== Segment start ==

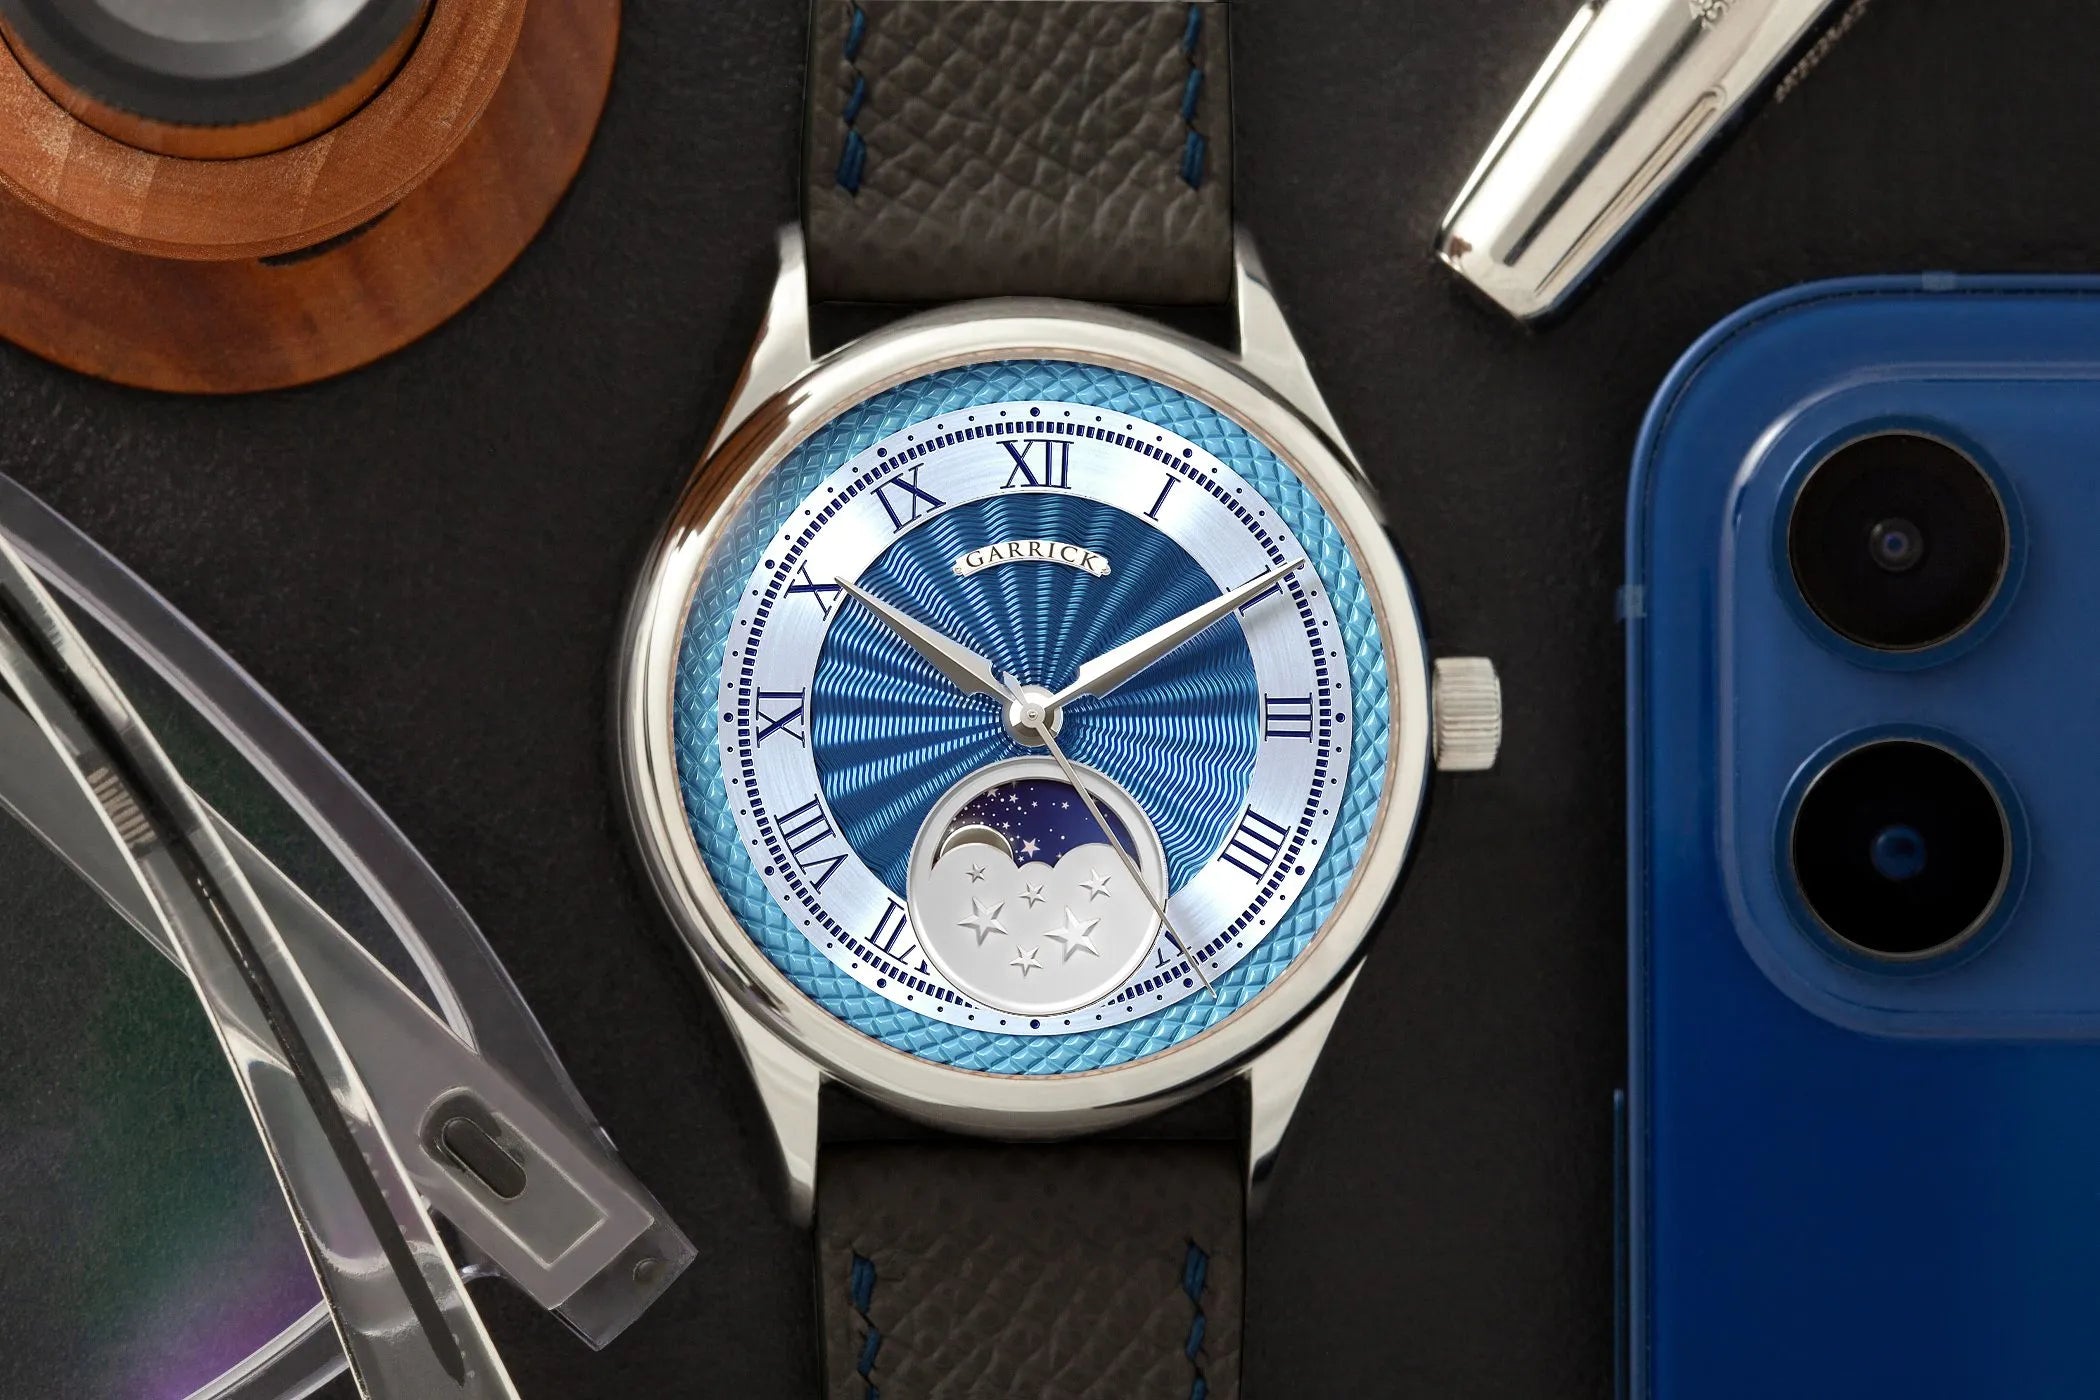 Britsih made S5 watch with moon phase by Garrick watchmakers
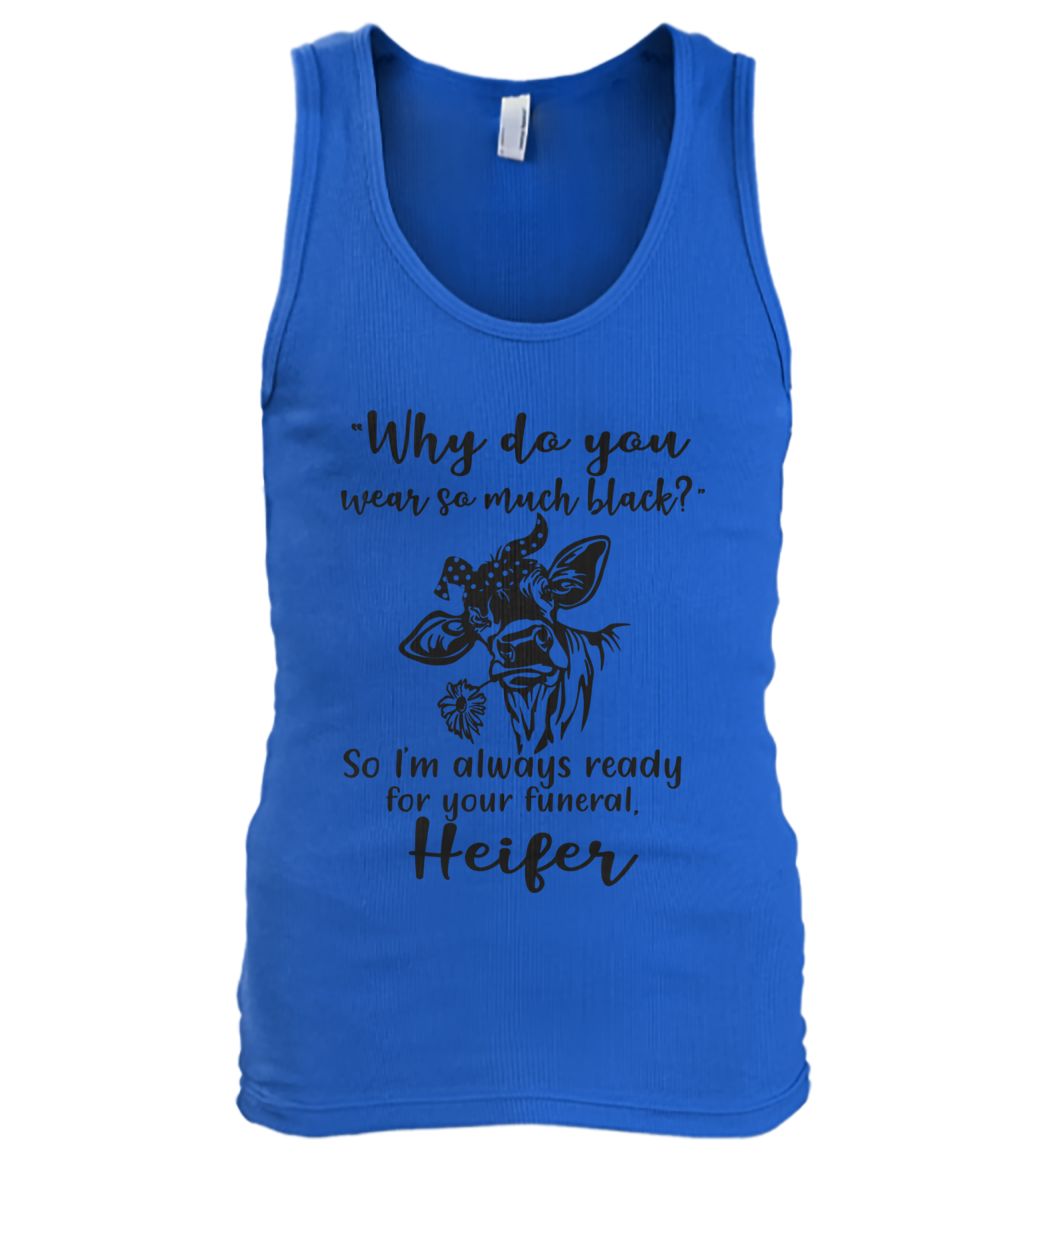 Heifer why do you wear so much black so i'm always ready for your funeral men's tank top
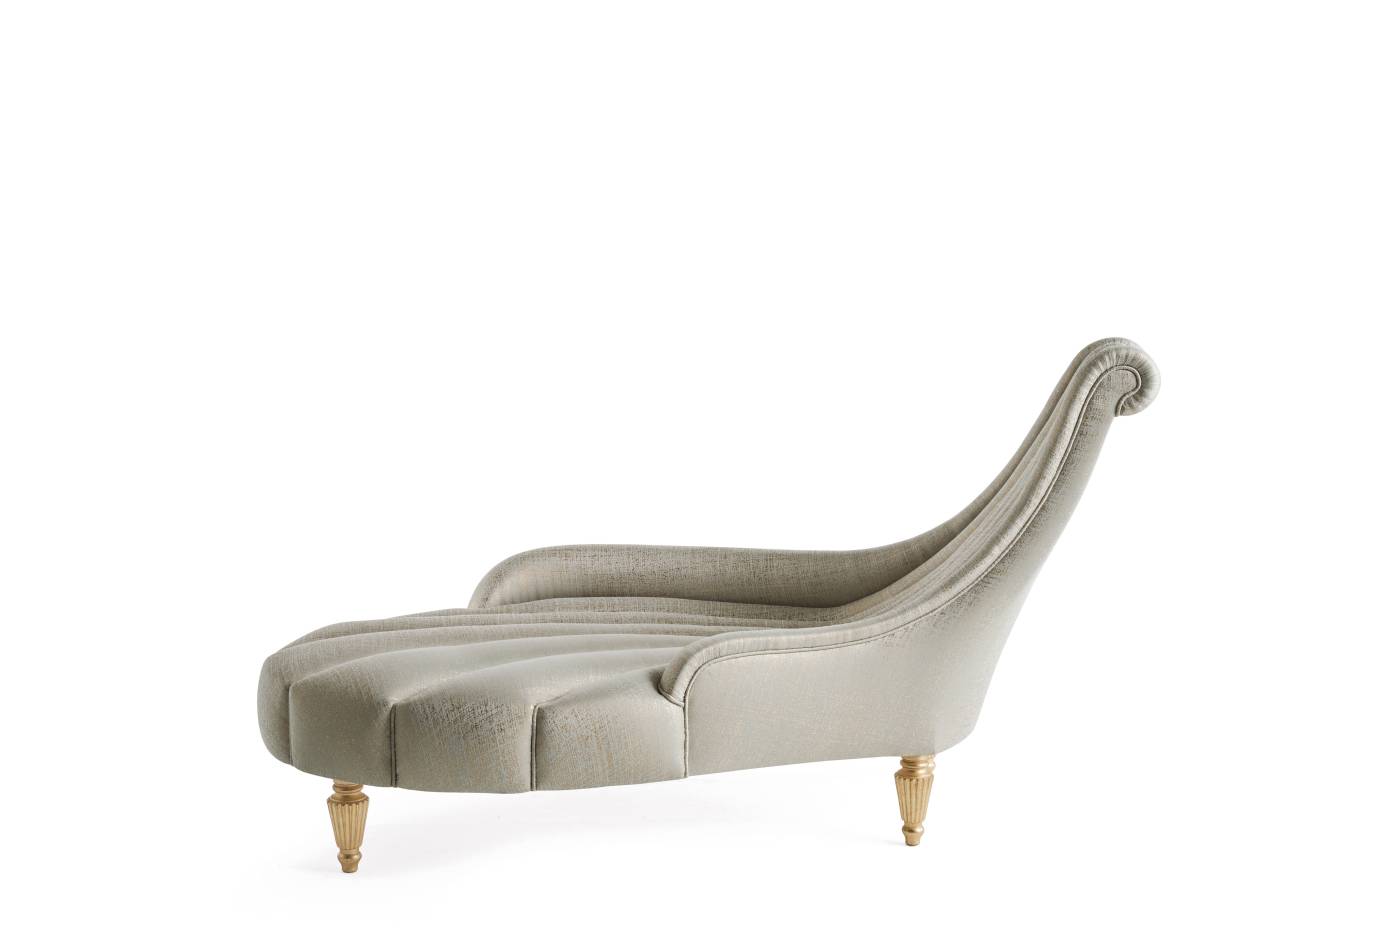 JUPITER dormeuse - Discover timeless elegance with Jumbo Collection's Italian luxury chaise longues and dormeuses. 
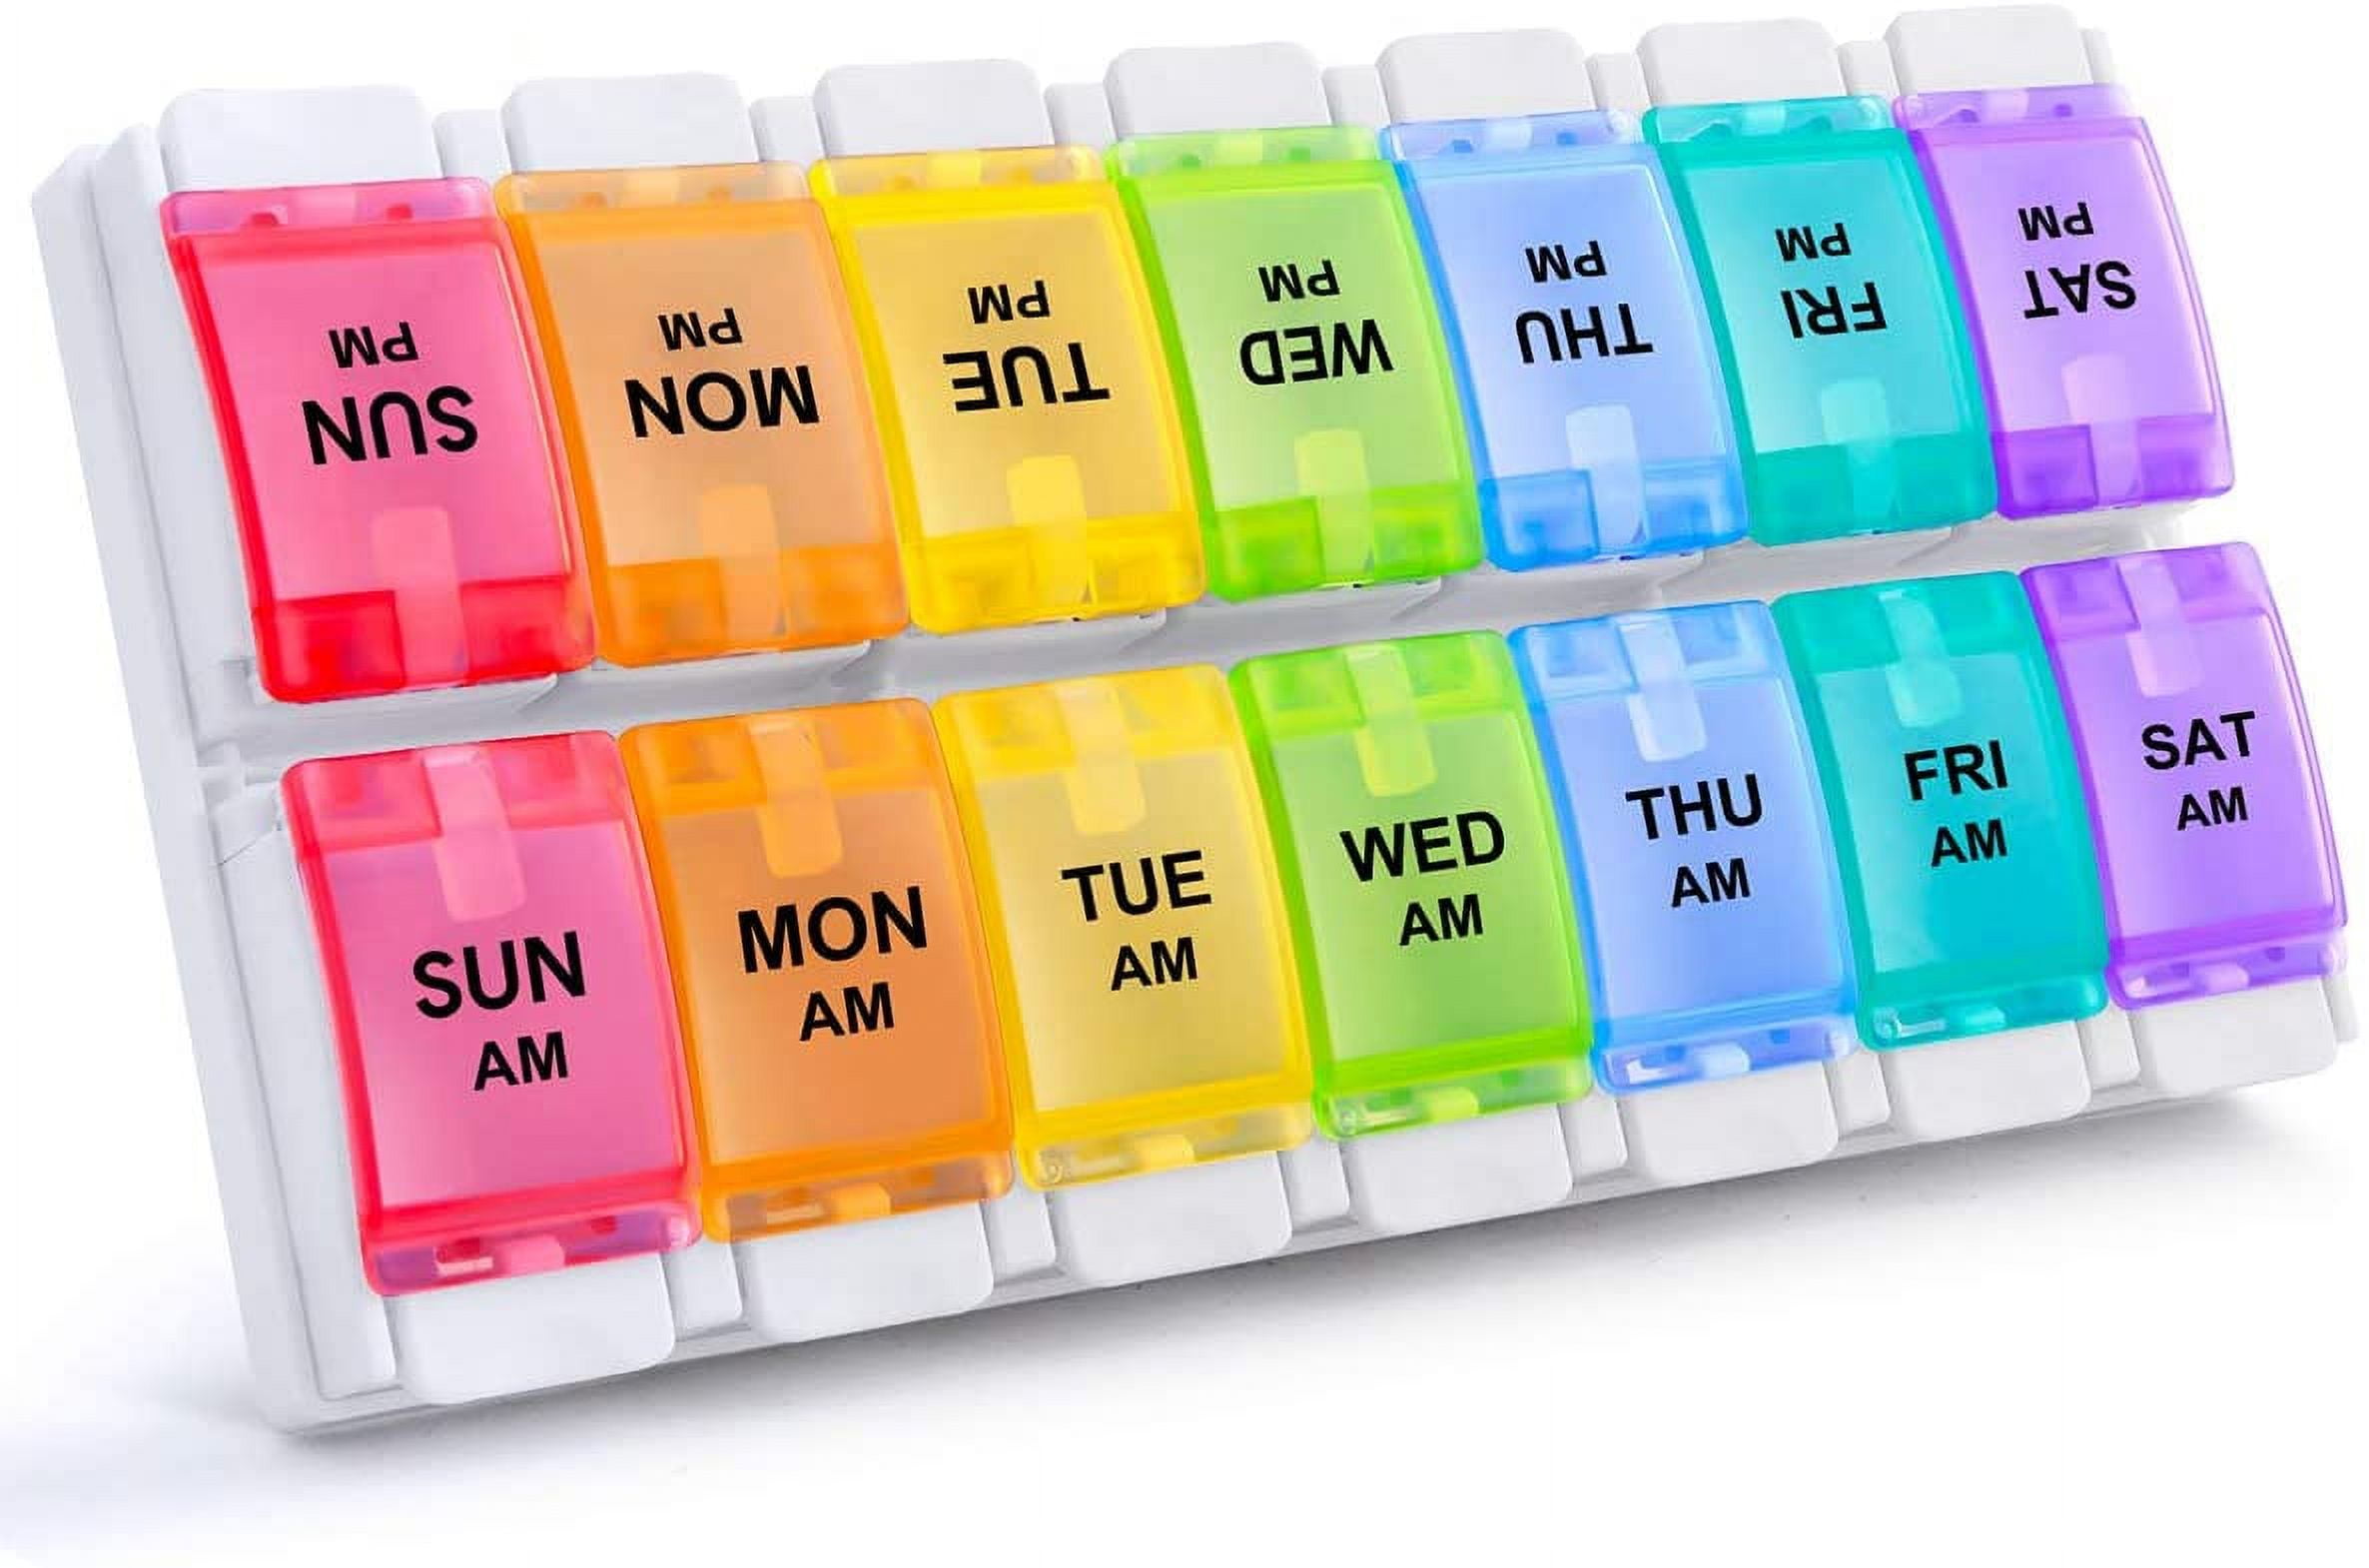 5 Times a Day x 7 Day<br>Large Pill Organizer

== Segment end ==

TASK DIRECTIONS — Repeat all the material exactly, but keep pictures out of the copy.

TASK SOLUTION —
 Britsih made S5 watch with moon phase by Garrick watchmakers
 Heifer why do you wear so much black so i'm always ready for your funeral men's tank top
 JUPITER dormeuse - Discover timeless elegance with Jumbo Collection's Italian luxury chaise longues and dormeuses. 
 5 Times a Day x 7 Day<br>Large Pill Organizer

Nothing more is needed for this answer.